Did you ever hear the tragedy of Darth Plagueis “the wise?”

***

It’s important to hydrate here.  It’s dusty and hot and, well, I’m supposed to run a marathon and all.  So I’m glad this exists:

As opposed to, ya know, “unhealthy water.”  Makes me wonder if I have to specify when asking for mineral water in the restaurants here if the options are sparkling or still, healthy or unhealthy?

***

Storefronts in Kathmandu:

***

I posted the marked up photo below to instagram and really felt like I nailed the caption.  It’s one of the prouder writerly moments I’ve had of late so I’m posting it here to me ol’ blog.  That sounds writerly, yeah?

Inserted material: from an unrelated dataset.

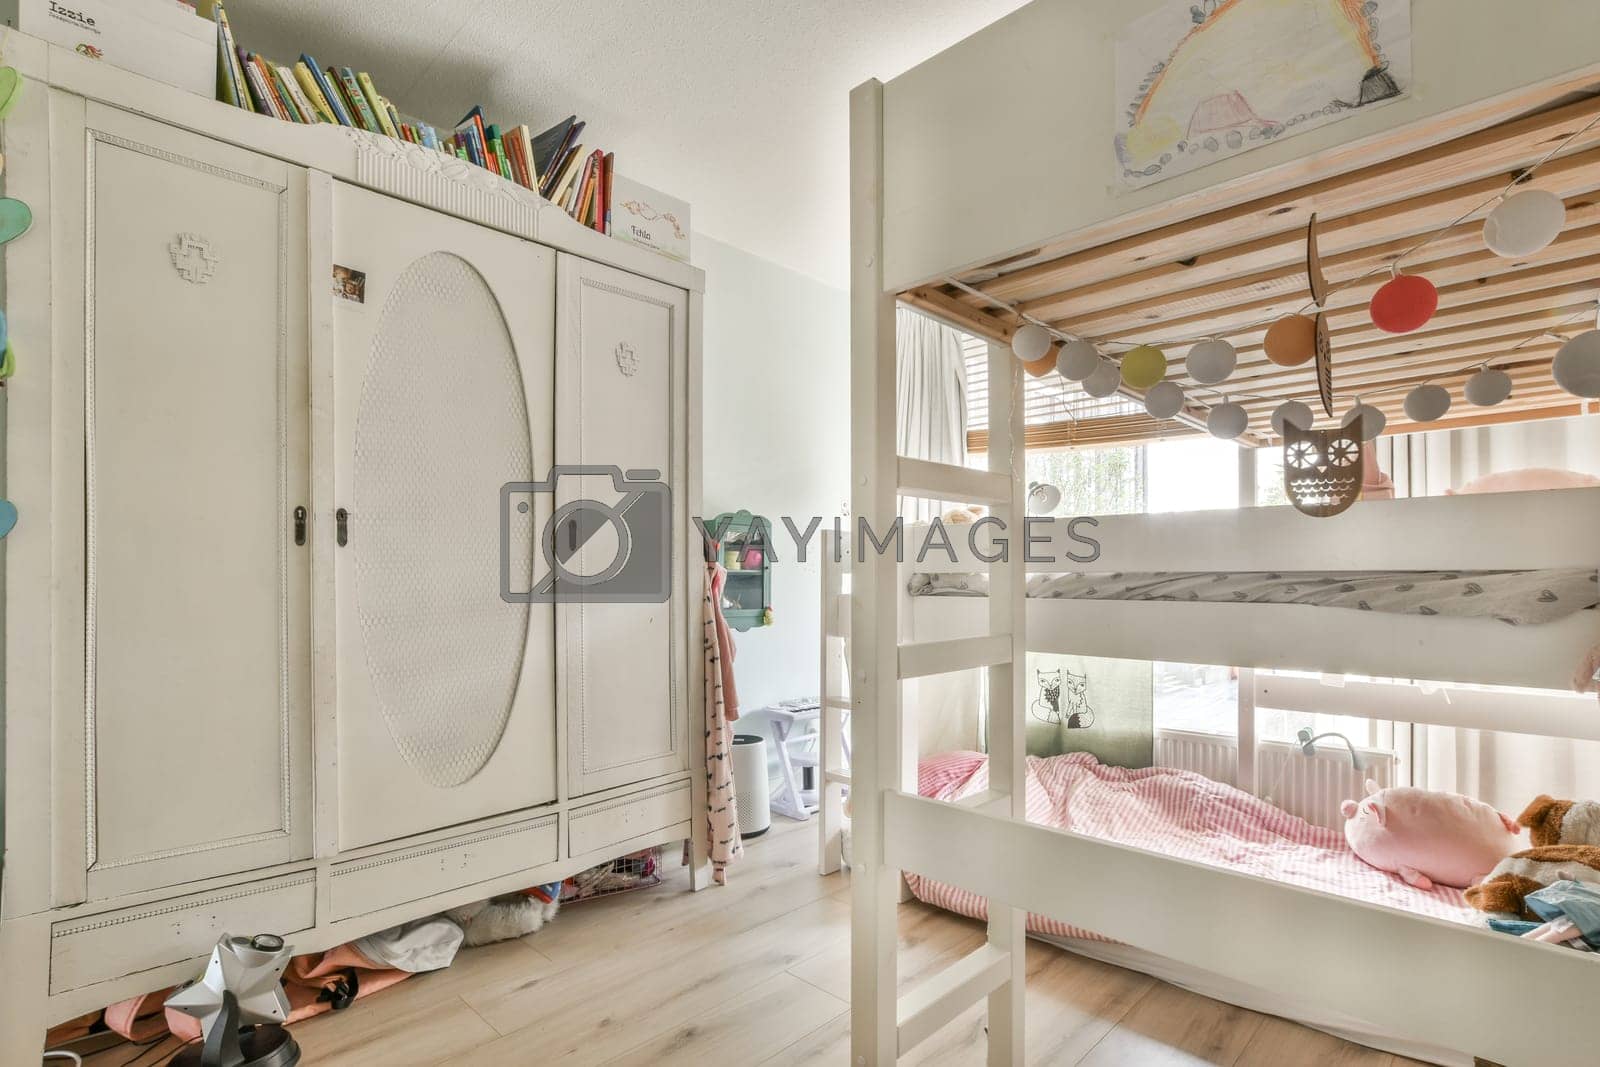 Royalty free image of a childrens bedroom with bunk beds and a wardrobe by casamedia

Anyway, the caption should read:

If signs could cry over their failures, this one would weep tears for days.

***

My friend Reda from Dubai is here running and her friend Justina came to cheer her on.  They’re both great and I’ve been lucky enough to occasionally get lunch or dinner with them.  Last night Reda was craving Momos and I happened to have passed a street lined with a couple of places I thought about checking out.  We instituted a Mo Mo Crawl, having a couple of plates of the Nepal dumplings at one place, then trying another restaurant’s variation.  At one stage we found out “buff momos” that we thought was just a typo of “beef” was actually shorthand for “buffalo meat.”  I also realized Diet Coke is an expensive habit to have here in Nepal.

We’ve taken to calling ourselves The Mo Mo Gang and have recruited one and maybe two other people to join our next round.

***

I picked up my race number this morning.  Tomorrow we run; tonight we momo some more.  We mo momo?  I dunno.  Or should I say, I “done-momo?”

Terrible.  Just terrible.

***

So I saw this kid pouring out his juicebox, presumably for his homies.  I passed him and then turned around to watch what happened next.  His mom encouraged me to take a picture… which I did..

…and then she asked if I could buy him some baby food at a local store.  That seemed legit rather than asking for money… so she took me to a specific store and ordered two boxes.  I didn’t have enough rupees to cover the cost of two (1800 rupees per box) so I had to tell her I could only do one.  She seemed disappointed but what could I do?  I did buy the kid two more juice boxes, one for now and one for later as that was some ridiculously small amount.  I asked for a photo afterwards and though she offered to take me to her home for a cup of tea with her family, I declined.

As I walked away, I found myself wondering if I got scammed, if she was just going to take the box of baby food formula back to the store and split the cash.  But even if she did, hopefully the kid got something.  It’s what?  Seventeen bucks American.  I’m trying not to let my cynicism get the better of me… and yet… I don’t know.  Sigh.  Am I trying to rationalize low-balling her on the baby formula to one box only?  I feel very conflicted.

***

When traveling, I sometimes think I’m trying to be a big game hunter.  Not of animals but of the perfect shot, the one photograph that perfectly captures the trip in the moment or that fulfills the vision I had in my head for what the trip was meant to be.

I’ve repeatedly tried to capture the Raiders of the Lost Ark vibe of a visit to Nepal.  With my eBay purchased replica headpiece to the Staff of Ra (with printing on BOTH sides thank you very much), I kept trying to get that perfect shot.  I’m still on the hunt and clearly it seems like I won’t ever get it.  I’ve tried close-ups of the headpiece, selfies of me, had other people snap a shot of me, and they all look… well, not as I imagined.  I’ve even posted a few previously on this blog and to social media.  But here are a few alternate cuts.

I guess hope springs eternal and I’ll keep trying.  But this may be one case where reality can never match up with the fantasy.  See also: Gosh… I’m trying to button this with a funny line.  I had originally typed this:

See Also: My entire history of romantic relationships.  SELF-DEPRECATING BORDERLINE SELF-PITYING ZING!

But I deleted it.  Then I control-Z’d it back into existence so I can point out that I cut it.  So if I undo the cut and then post it… was it ever really cut?

***

And now a moment of NON-Zen.  Here’s what it’s like to walk the streets of Kathmandu for 62 seconds:

I do wonder if this is also a preview of what it’ll be like during tomorrow’s marathon.  I guess I’ll know in… 13 and a half hours from… now.